O processo discute os termos de avaliação dos alunos. Passando uma proposição para os alunos estagiários verificações de como determinar formas de avaliação dos estudantes. Entendendo que, a avaliação serve como uma forma de orientar o trabalho do professor revelando os sucessos e fragilidades na aprendizagem dos estudantes. Dessa forma a avaliação deve estar centrada no processo de aprendizagem e não apenas no produto (a nota que o estudante obterá). A avaliação deve estar relacionada com os objetivos, os conteúdos, as formas e estratégias de ensino e os recursos didáticos.

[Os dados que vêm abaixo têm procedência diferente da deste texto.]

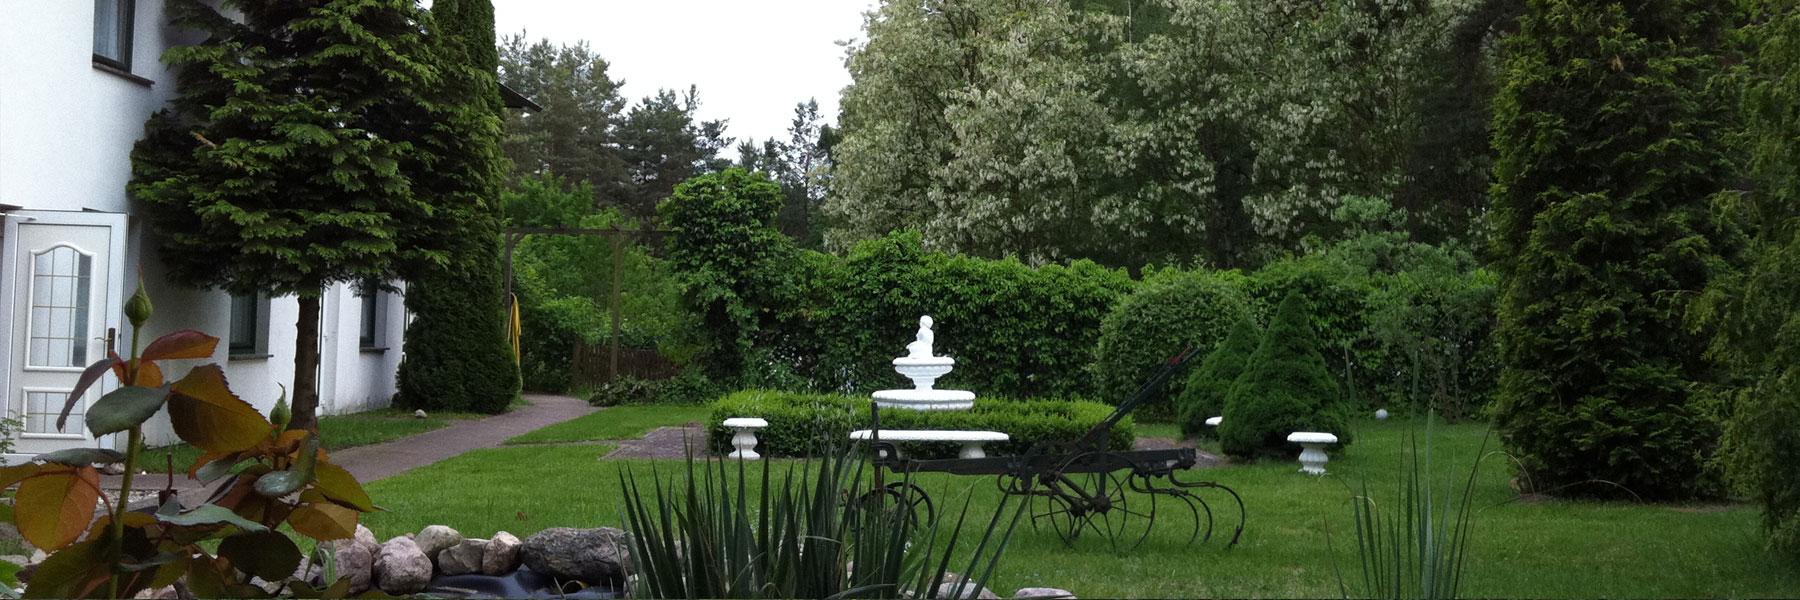 Garten - Hotel & Waldrestaurant Johannesruh

Também a seleção e organização dos conteúdos são relevantes no processo de estágio supervisionado. Cabendo o estudante estagiário saber que é necessário, levantamentos e questionamentos como quais conteúdos de química são potencialmente educativos e relevantes para a formação básica e científica dos estudantes, como importância de se construir novas estratégias didáticas que estejam mais em sintonia com as exigências e características da educação do século XXI.
Dessa forma, a seleção, a organização e o seqüenciamento dos conteúdos para o ensino e a aprendizagem configuram-se como um saber da atividade profissional do professor.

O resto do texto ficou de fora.